How do I use two factor authentication (2FA)?
Two-factor authentication (2FA) adds an additional step to logging in for increased security. You can use either SMS messages or app authentication, to retrieve a code you will need for logging in to your Postmark account. 2FA can be enabled by all user types and is recommended for security. It's also possible to require all users on an account to use 2FA.
Setup#
- While logged into your Postmark account, select your name in the top right then choose Profile to access your user settings.

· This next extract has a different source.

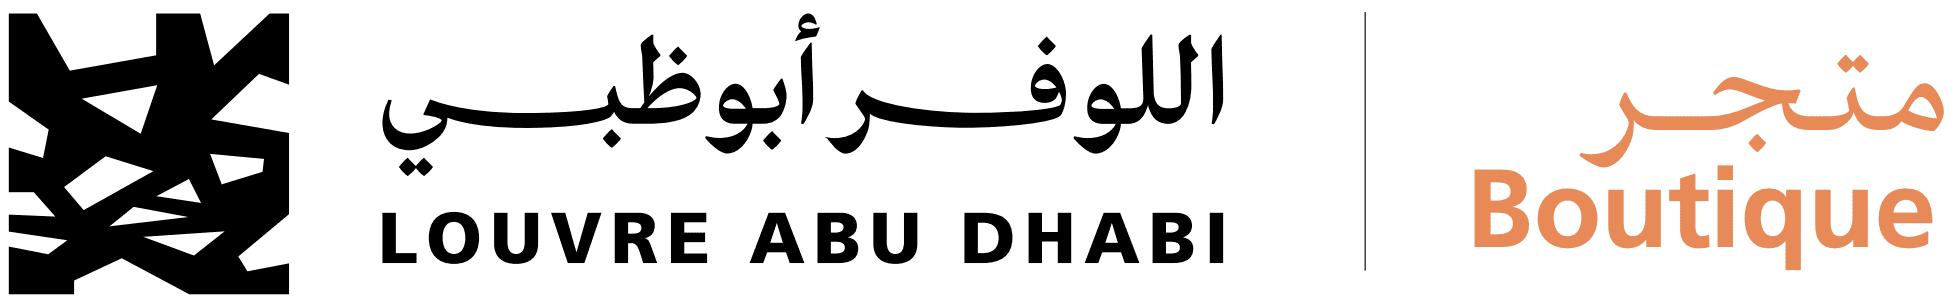 Louvre Abu Dhabi Boutique

- Scroll down to the Security area and select Turn on next to Two-factor authentication.
- Confirm your password.
- Choose Set up for either App Authentication or SMS authentication.
- Once your authentication method is confirmed, download your backup codes and save these in a secure location.These are important to gain access to your account in case you change your phone number or lose your phone.

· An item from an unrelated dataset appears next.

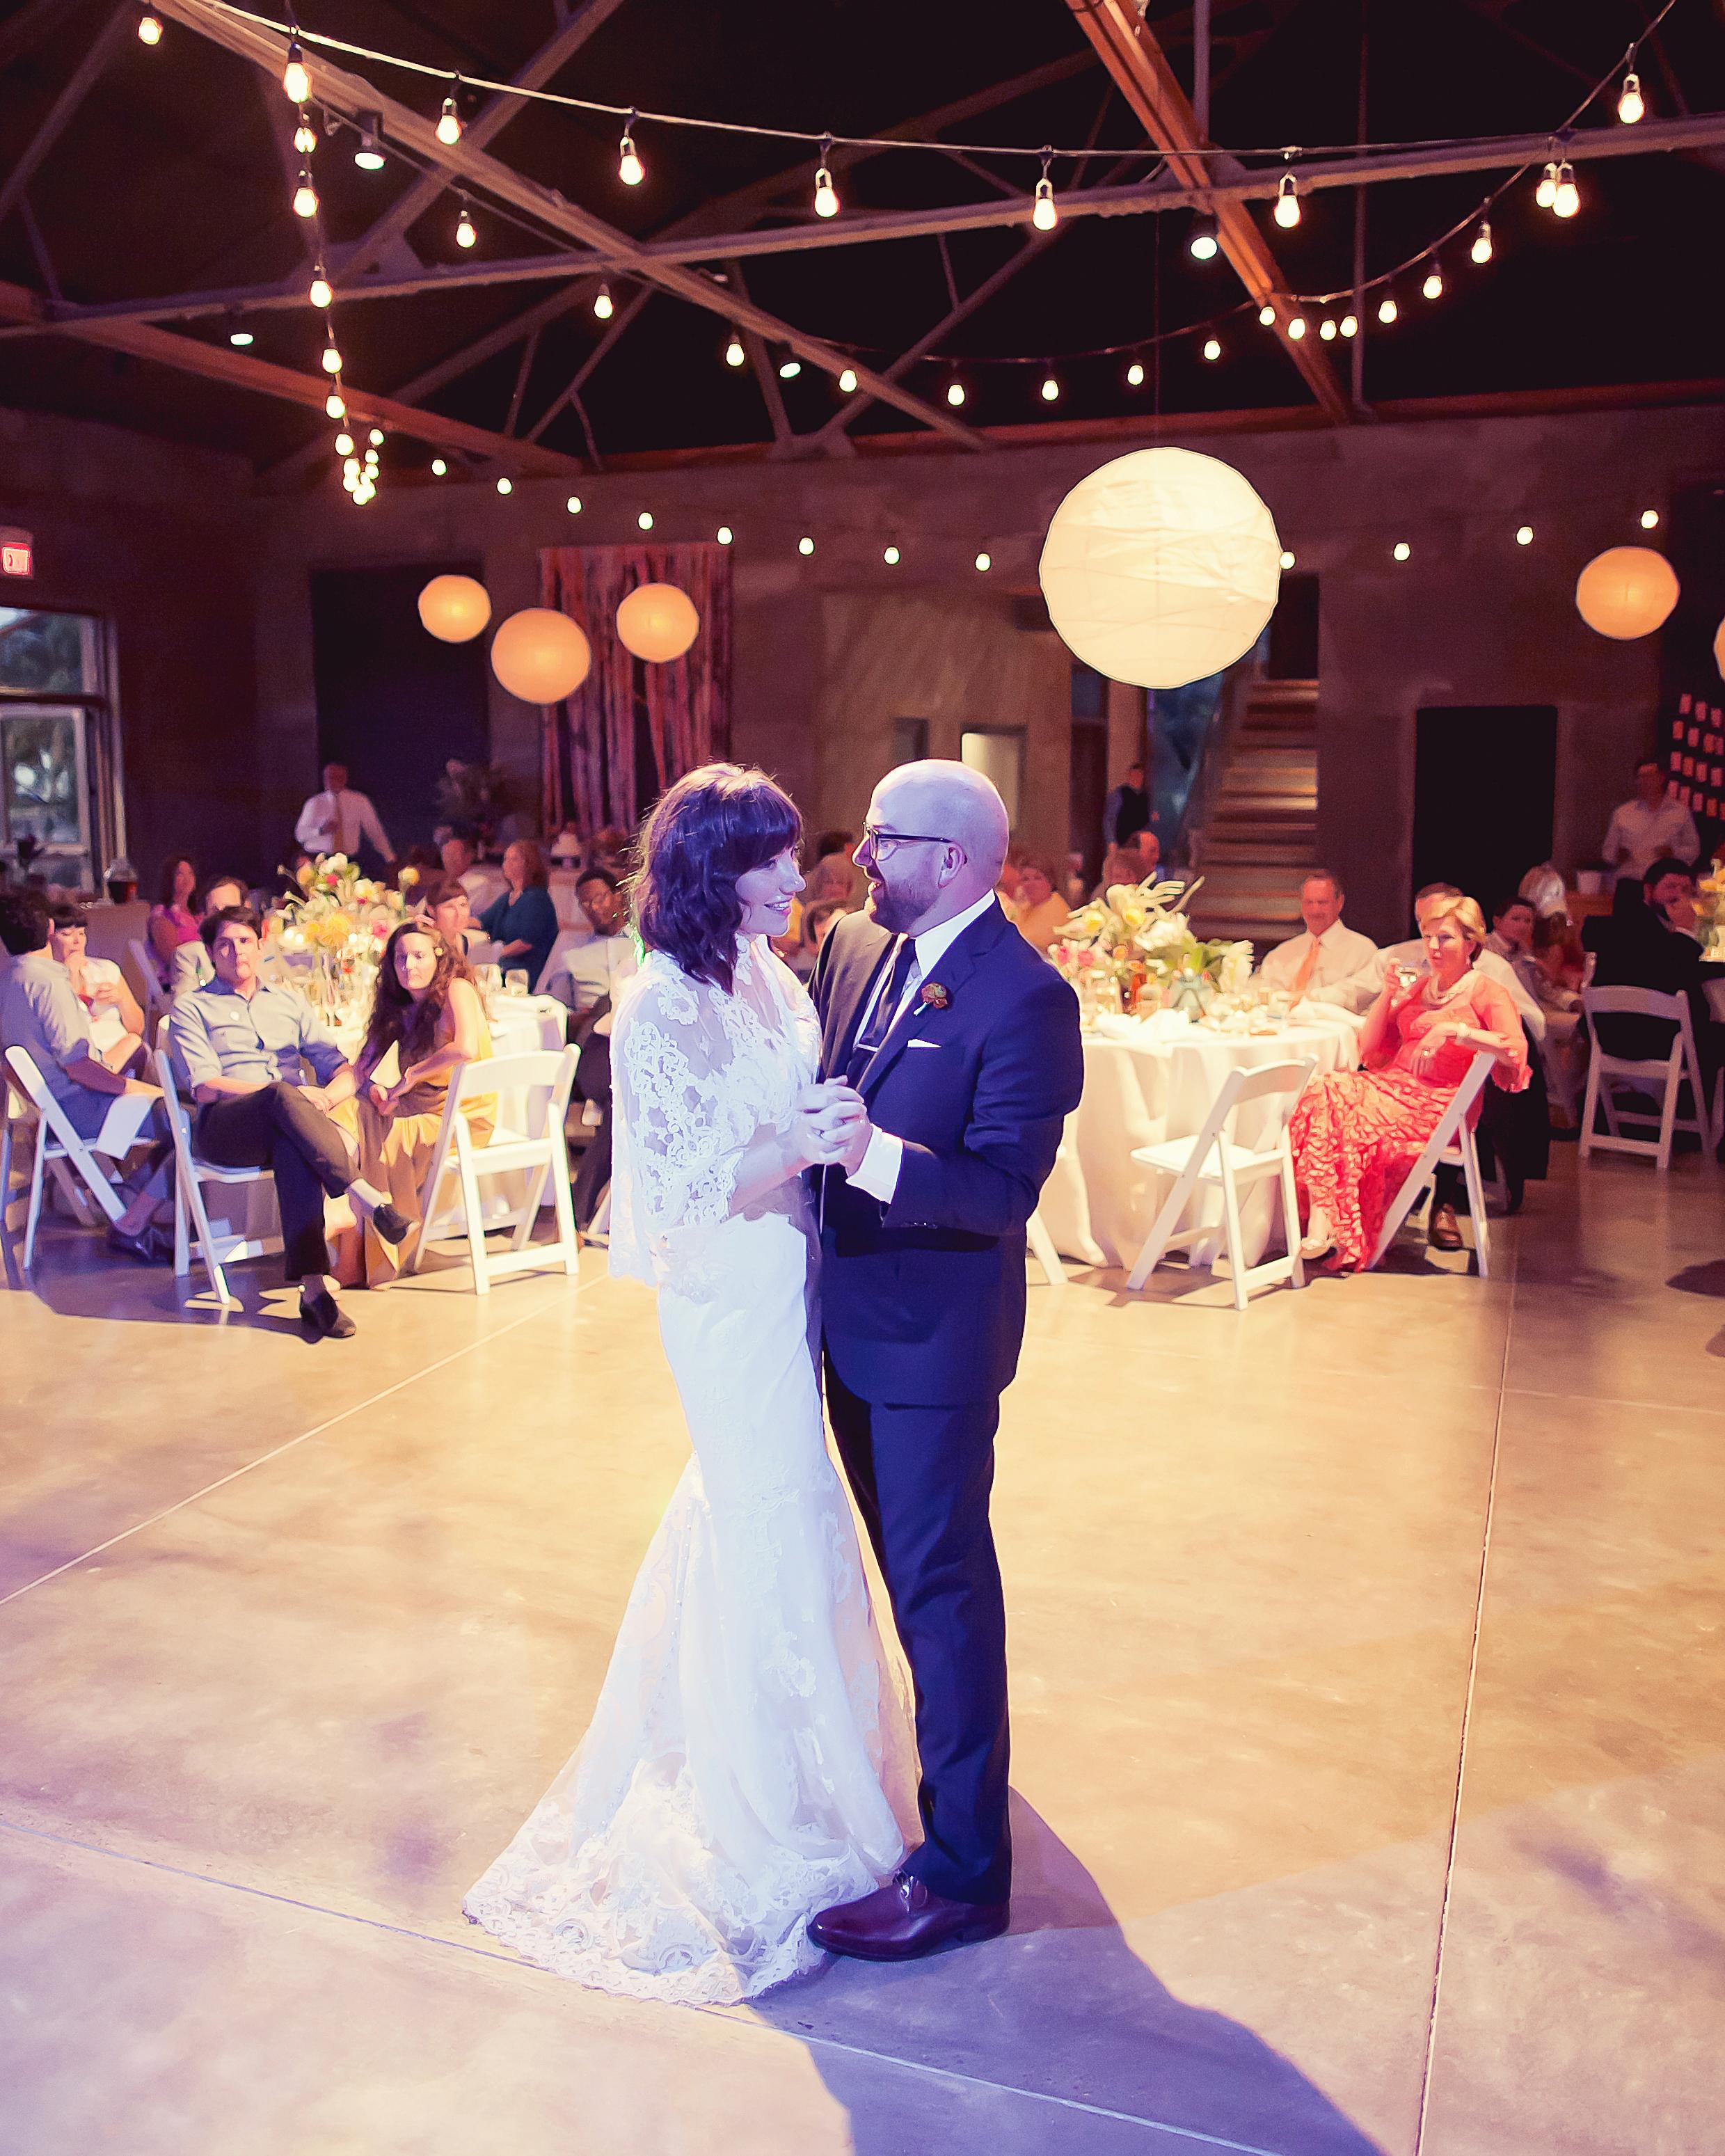 wedding-cover-bands-opener-0814.jpg

- After the setup process is complete, you can add an additional authentication method (either App or SMS authentication).
Make App authentication the primary method#
- While logged into your Postmark account, select your name in the top right then choose Profile to access your user settings.
- Scroll down to the Security area and select Manage next to Two-factor authentication.
- Enter your password to confirm.
- Then select Set as primary for App authentication.
Postmark supports Google Authenticator, Authy and 1Password.
Logging In#
Once 2FA has been enabled, the next time you log in you will need to enter in a code after using your username and password to log in.
Retrieving Backup Codes#
If you did not save your backup codes when completing the 2FA setup, you can still retrieve them.
- While logged into your Postmark account, select your name in the top right then choose Profile to access your user settings.
- Scroll down to the Security area and select Manage next to Two-factor authentication.
- Enter your password to confirm.
- Then select View codes.
- Your backup codes will then be available to download or print.
Require 2FA for all Users#
It's possible to require all users on an account to use 2FA.
- While logged into your Postmark account, select Account from the top header.
- Choose Require 2FA on the Account Overview page.
- Confirm the User password.
- The next time a user without 2FA enabled logs in, they're prompted to set-up 2FA.
Note: The user requiring 2FA must already have 2FA set-up.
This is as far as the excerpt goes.